LinuxQuestions.org - [SOLVED] Splitting files by pattern match

- Linux - Software (https://www.linuxquestions.org/questions/linux-software-2/)

- - Splitting files by pattern match (https://www.linuxquestions.org/questions/linux-software-2/splitting-files-by-pattern-match-769731/)

bartonski

11-17-2009 12:49 PM

Splitting files by pattern match

I have a series of files which have been concatenated together. Each of the files has a header, something like this:

metasyntactic_variables.txt

Code:

header----- # primary

xyzzy foo

header----- # secondary

bar

baz

header----- # quux family

quux

quuux

quuuux

quuuuux

Does anyone know if there is a tool, similar to split, which can separate these in to files, by header, something like this?:

Code:

$ wondersplit --patern-"^header-----" metasyntactic_variables.txt

which produces

xa

Code:

header----- # primary as the hills

xyzzy foo

Code:

header----- # secondary

bar

baz

Code:

header----- # quux family

quux

quuux

quuuux

quuuuux

I know that I could hack this together in perl in about 15 minutes, but it would be nice know if this exists as a stand alone tool.

sarum1990

11-17-2009 01:01 PM

This can be solved with a faily simple gawk command:

gawk 'BEGIN{fnum=0; out="outf";} /^header----/ {fnum++;} {print $0 >> out""fnum}' <INPUT-FILE>

essentially scan through outputing every line to the file "outf#" and increment # everytime you find the regexp ^header----.

Hope This Helps

bartonski

11-17-2009 01:20 PM

I knew that someone would jump in with an awk script...

very nice.

Thanks.

bartonski

11-17-2009 01:25 PM

Wow. That ran so fast I thought that it had failed, but I got output.

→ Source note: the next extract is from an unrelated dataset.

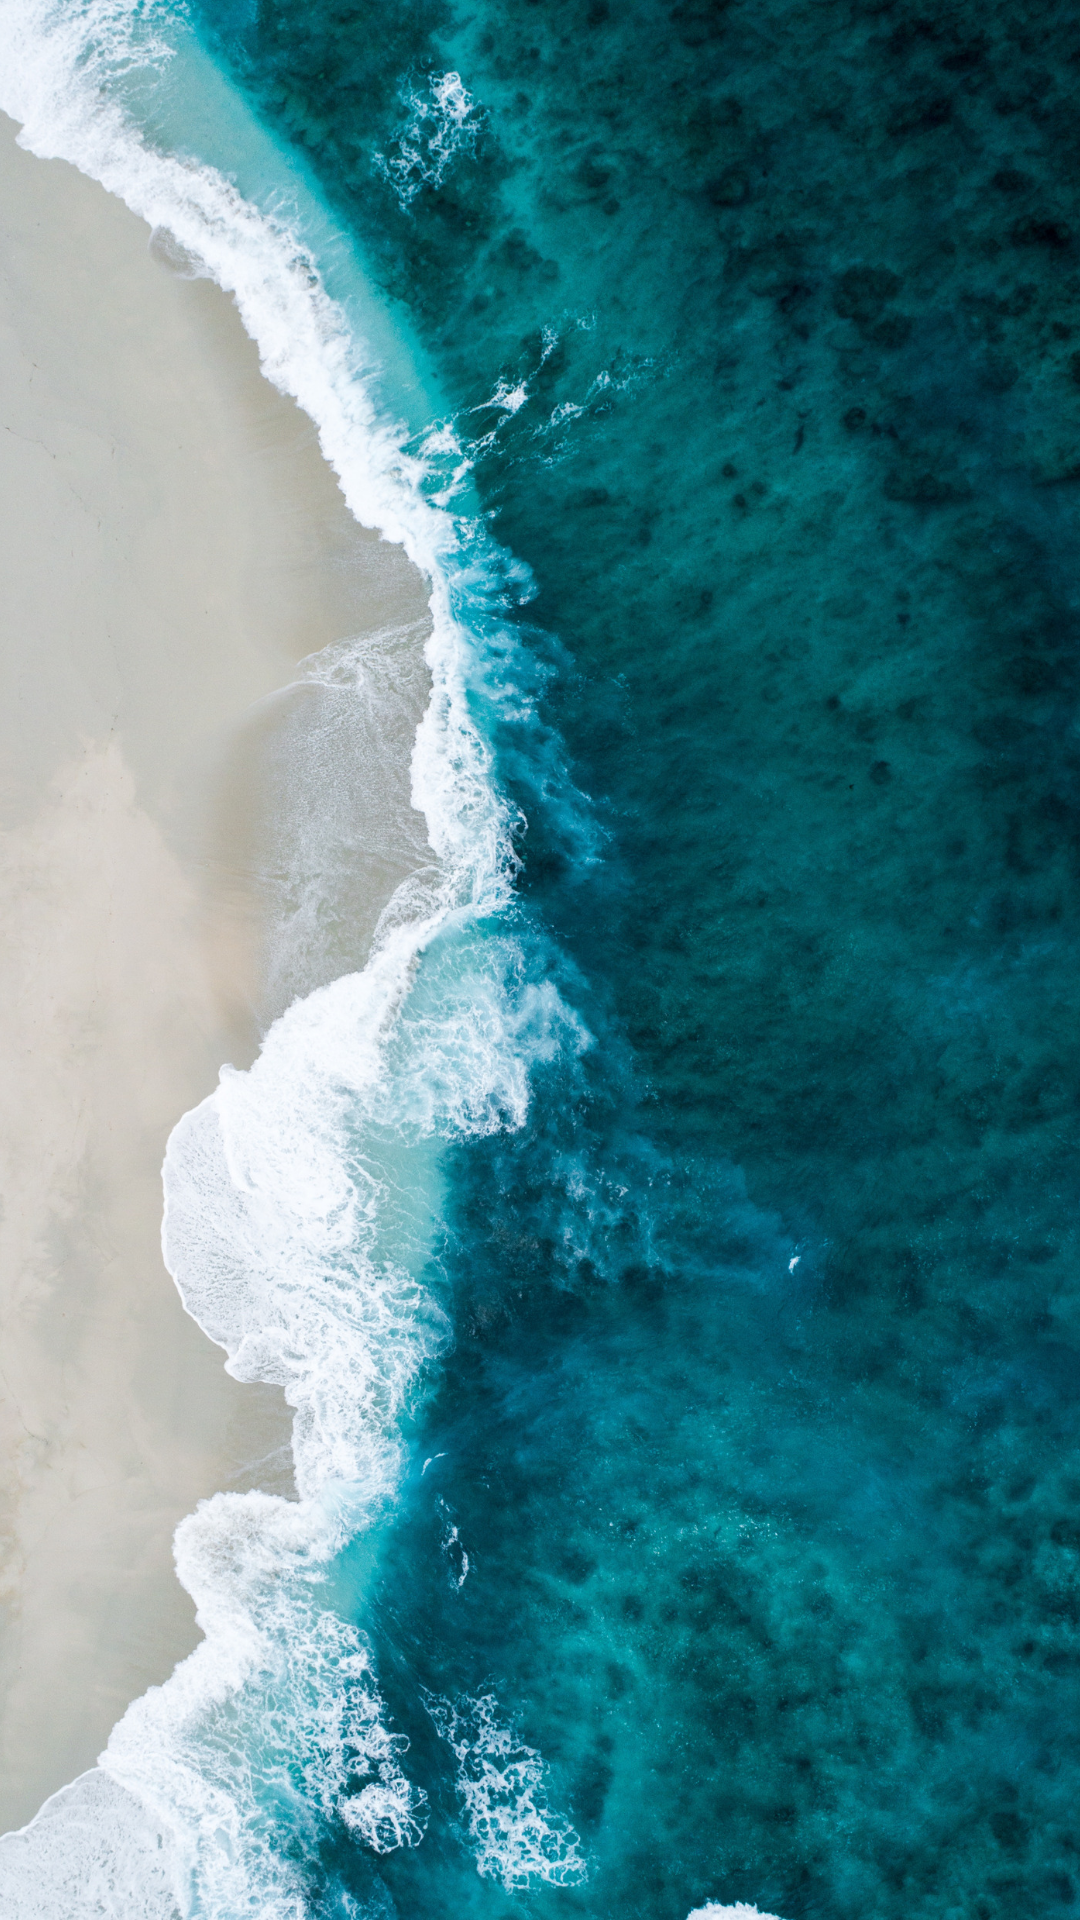 Wallpaper ideas. Ocean waves. Water theme wallpapers

note to self: learn some awk.

sarum1990

11-19-2009 06:08 PM

Just wanted to update this, I stumbled across a much better option today

the command csplit

"content split"

just a man csplit will show you how to use it. I feel kinda silly running to gawk when this option was available.

ghostdog74

11-19-2009 06:27 PM

the awk code is simply

Code:

awk '/header/{++d}{print $0>"file_"d}' file

sarum1990

11-19-2009 06:46 PM

Quote:

Originally Posted by ghostdog74 (Post 3763274)

the awk code is simply

Code:

awk '/header/{++d}{print $0>"file_"d}' file

Running that on my Mac OS X version of awk I get an error due to too many files being open for write when it's run with > 18 different files combined in one. I have the same error with the version I posted earlier.

If I'm not mistaken closing the files after having written to them fixes this though.

Code:

awk '/header/{close("file_"d);++d}{print $0>"file_"d}' file

but still I think I'd use the program csplit for anything like this in the future, since that is the entire functionality of that program.

bartonski

11-19-2009 08:30 PM

Well... I'll be damned. I think that I used csplit about 10 years ago, and I totally forgot about it. How did you run across it?

sarum1990

11-20-2009 10:05 AM

I was in a situation without internet and was navigating around info pages looking for the pr -m or paste command to merge two files line by line for awk processing. When I got to the text-processing commands I noticed csplit and decided to check out what it did.

All times are GMT -5. The time now is 09:03 PM.